WORK REQUEST:
An exact reproduction of the listing is wanted, with the pictures dropped.

PROVIDED MATERIAL:
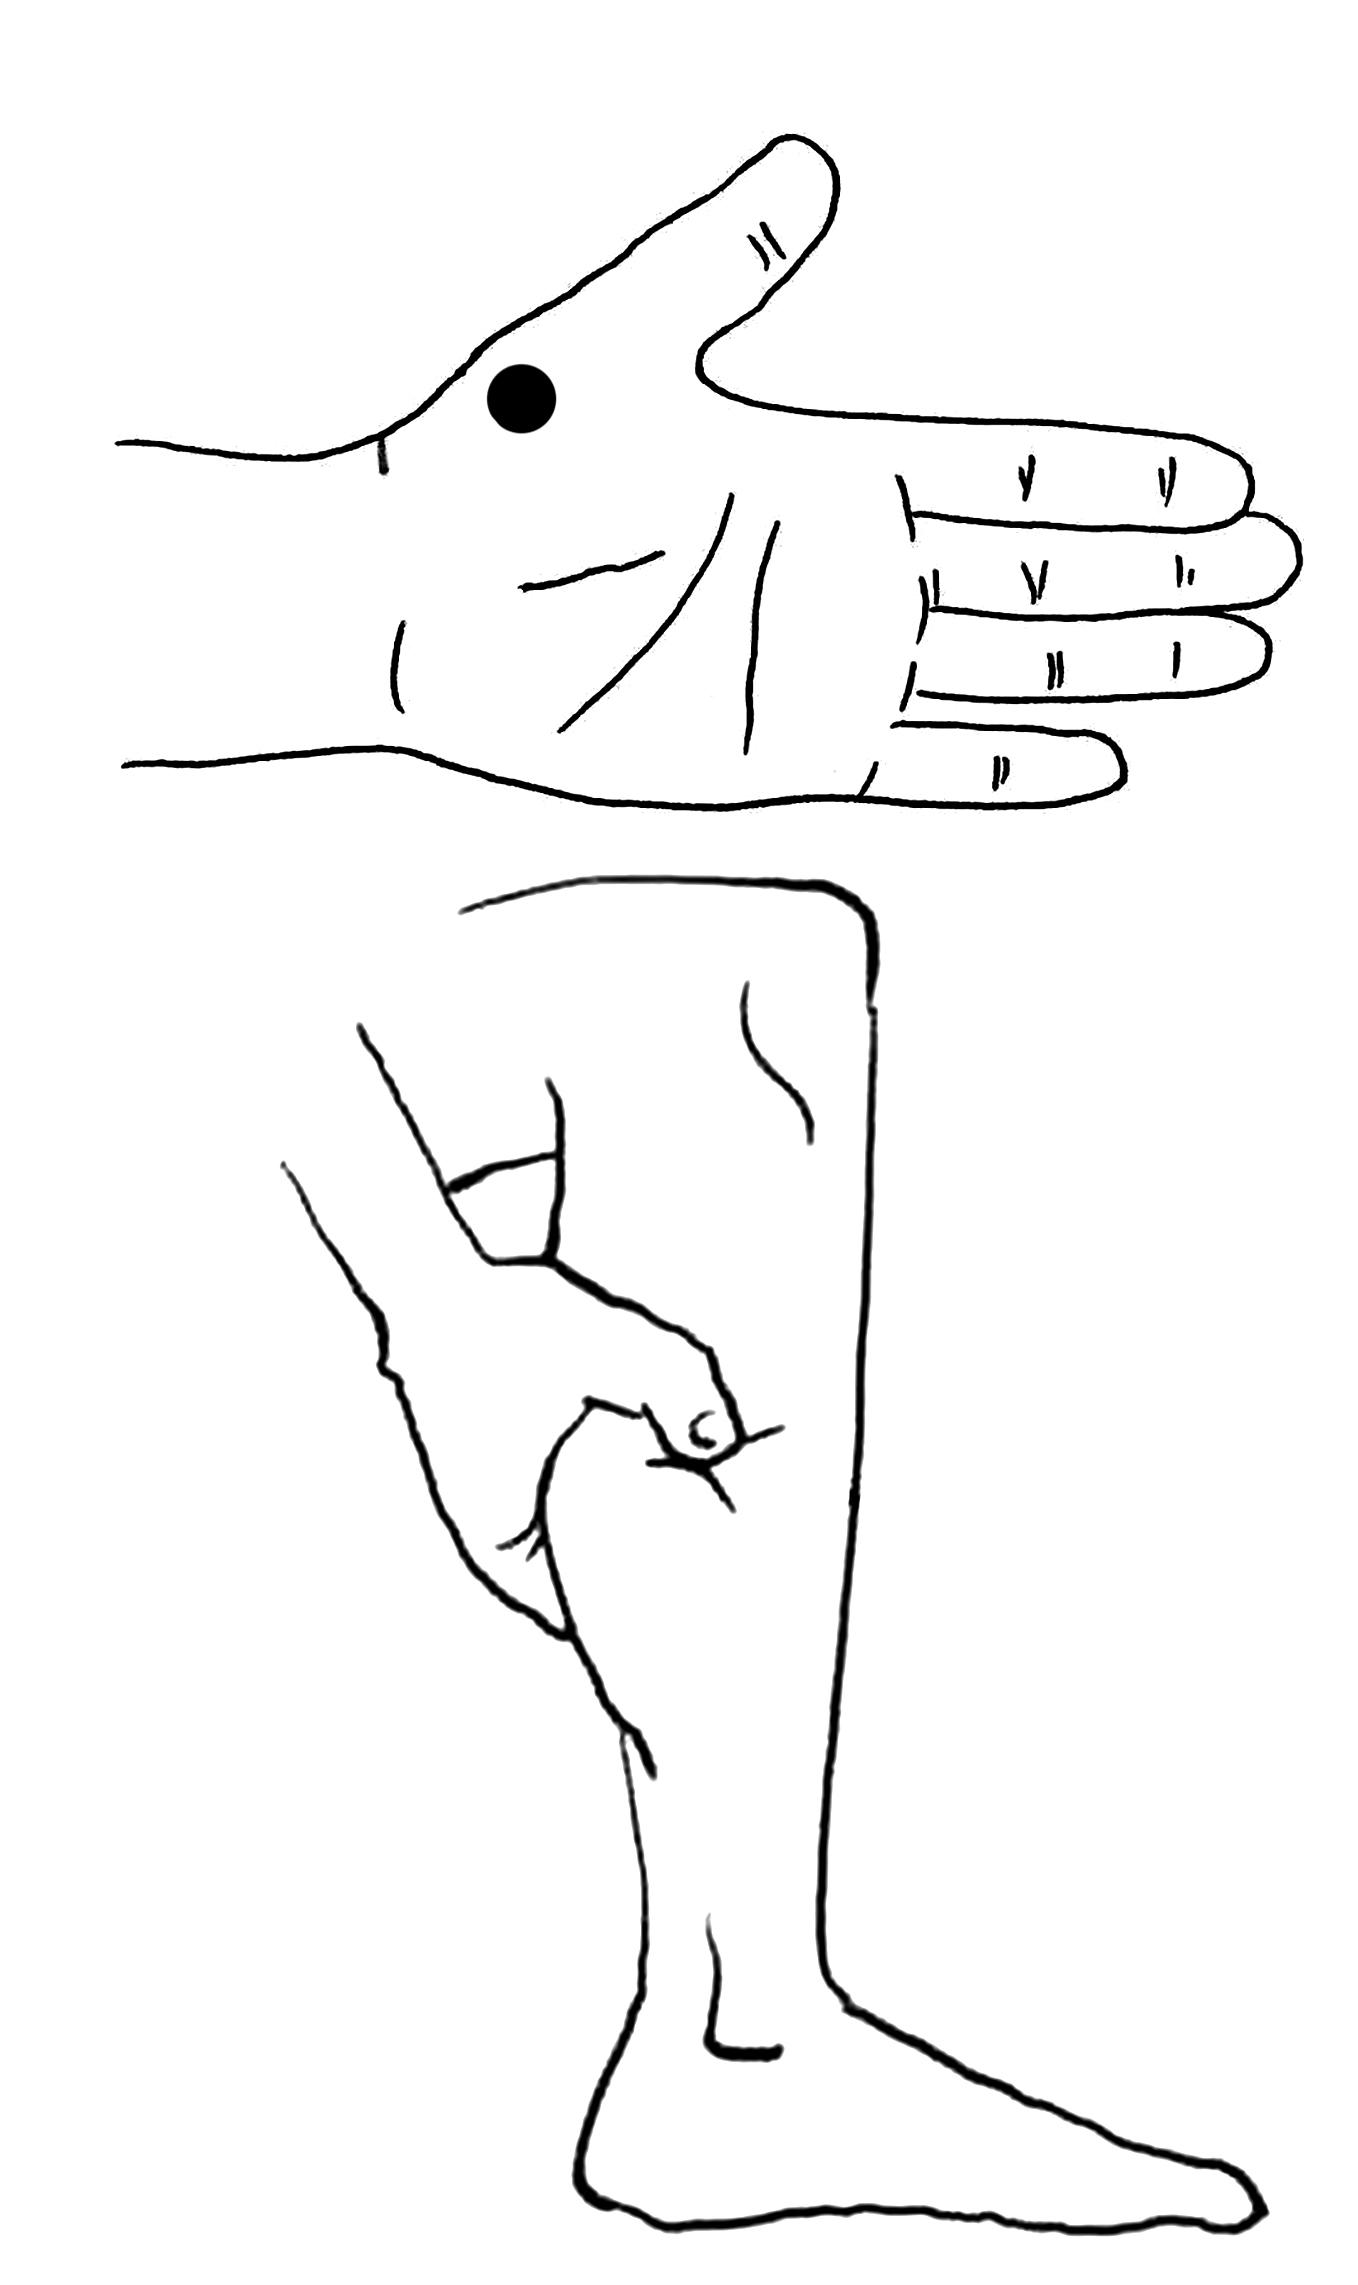 缓解咳喘按压两穴 具体方法看这里
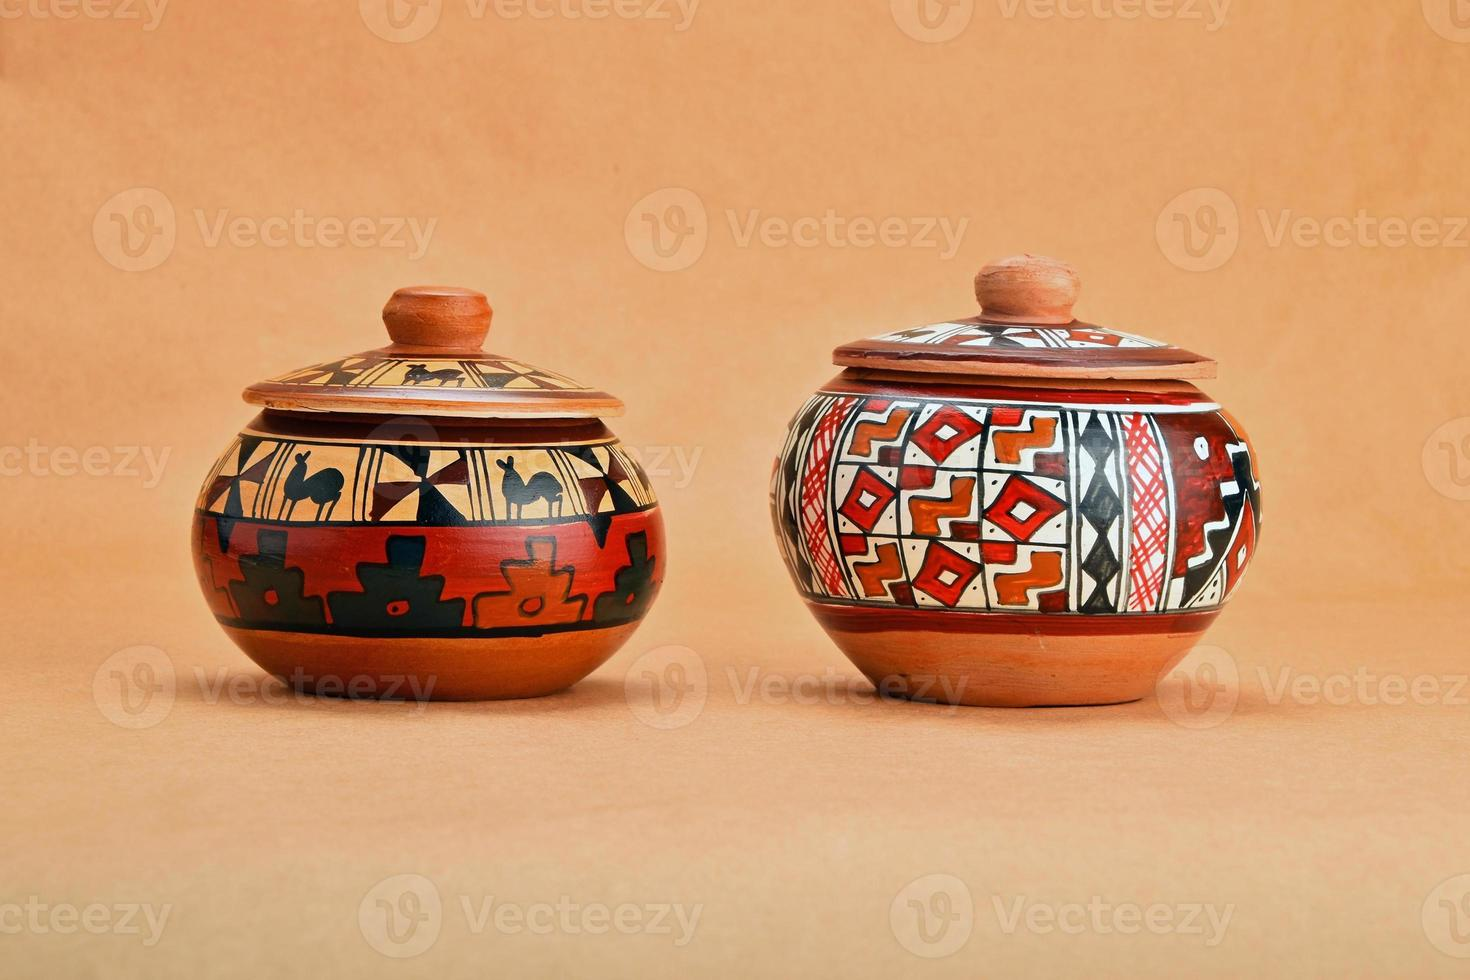 dois pote de cerâmica artesanal pintado com tampas em papel kraft foto
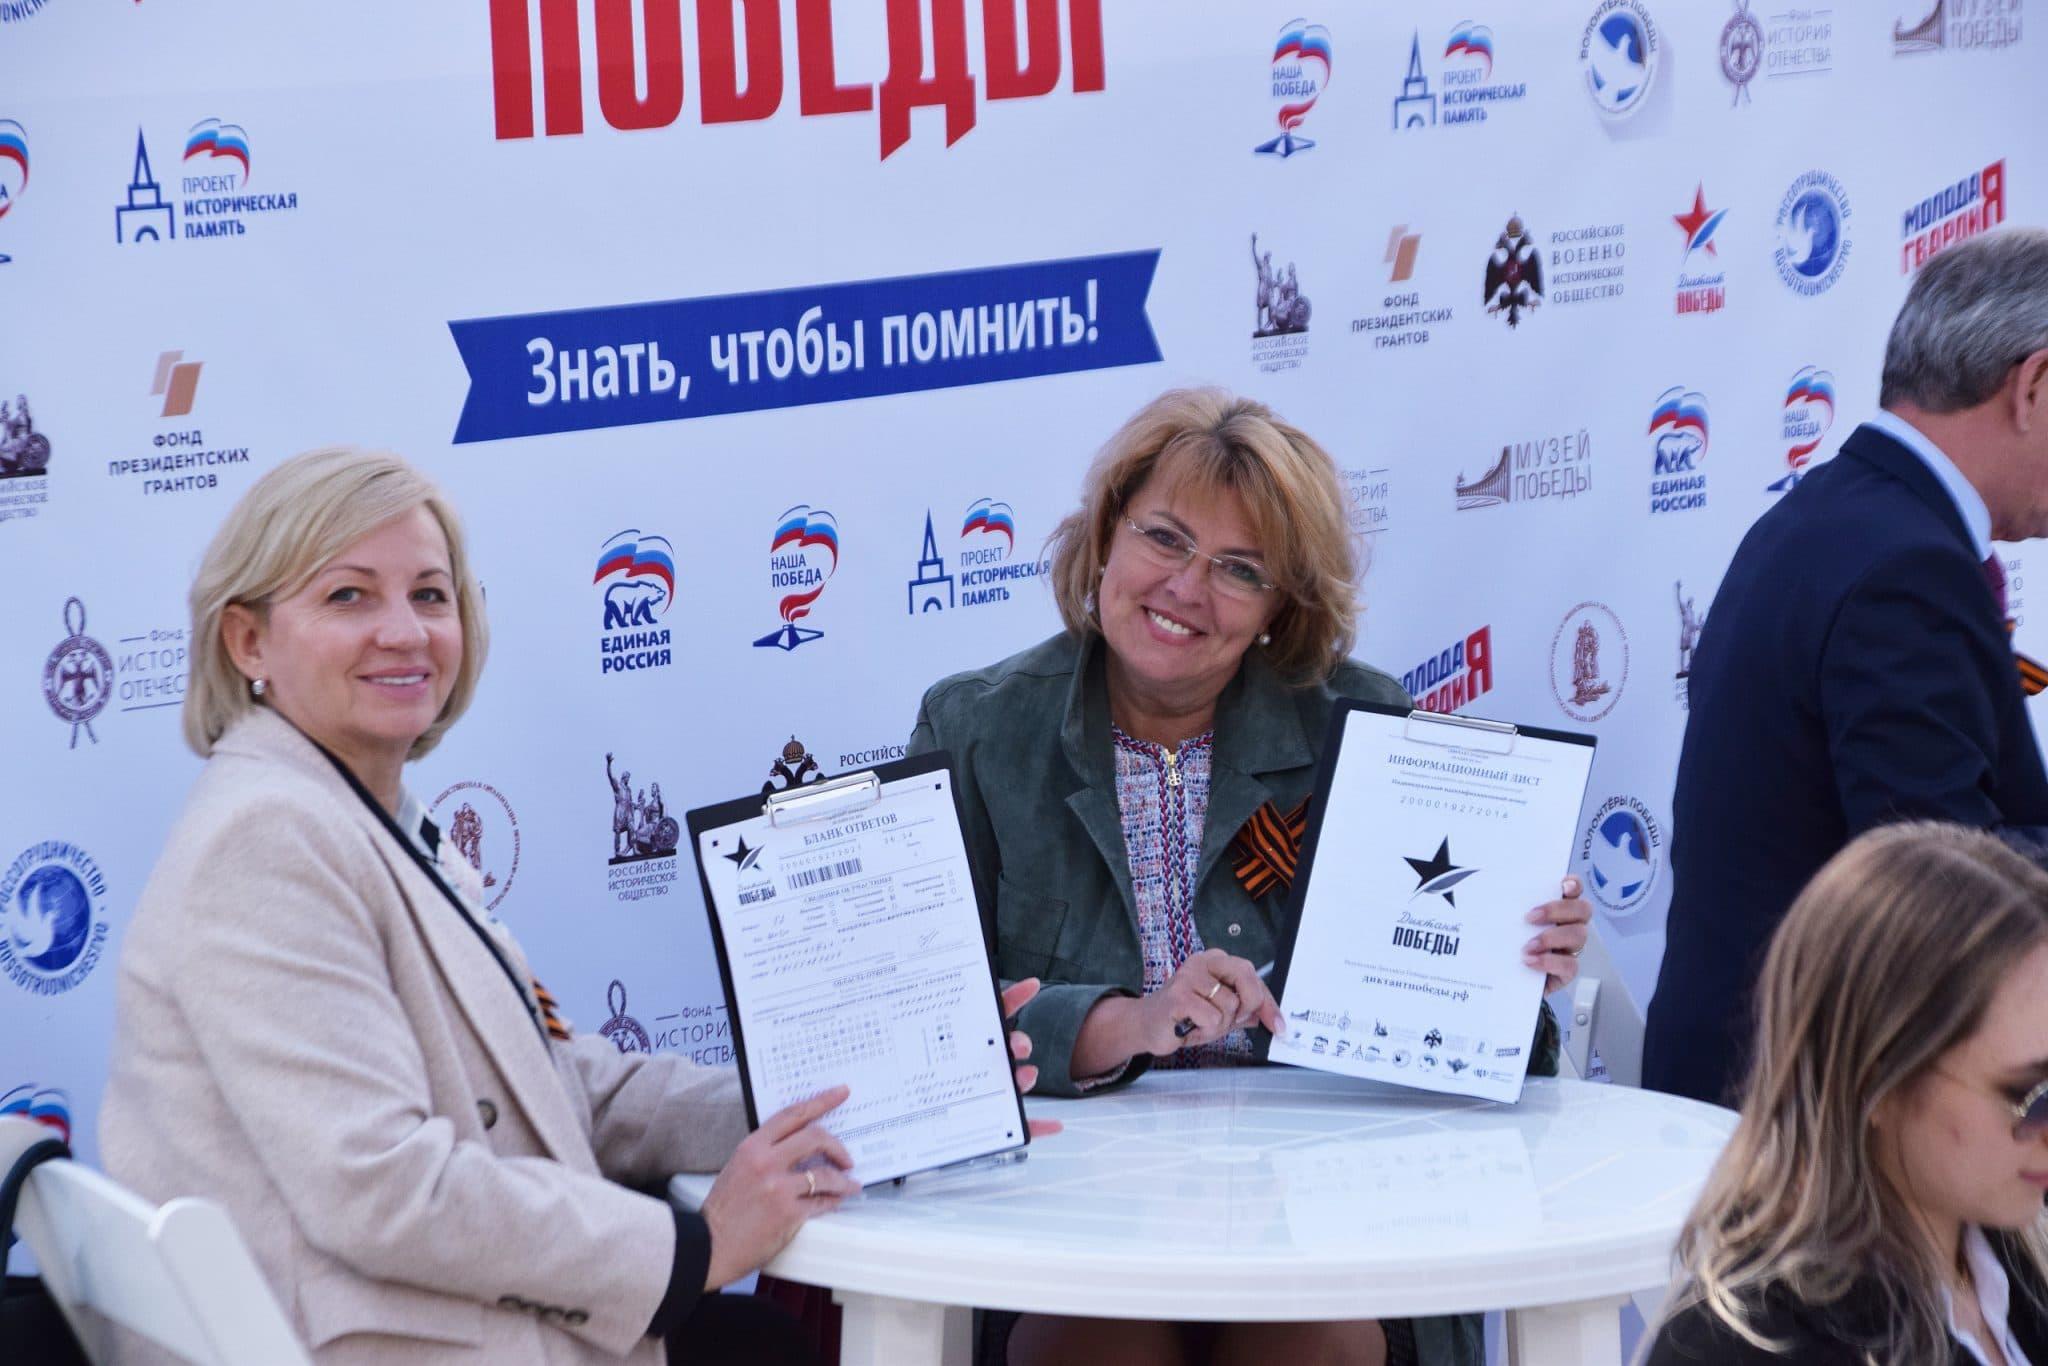 Галина Карелова: Социальное казначейство позволит сделать более адресной работу социальной сферы

ANSWER TO THIS EXERCISE:
 缓解咳喘按压两穴 具体方法看这里
 dois pote de cerâmica artesanal pintado com tampas em papel kraft foto
 Галина Карелова: Социальное казначейство позволит сделать более адресной работу социальной сферы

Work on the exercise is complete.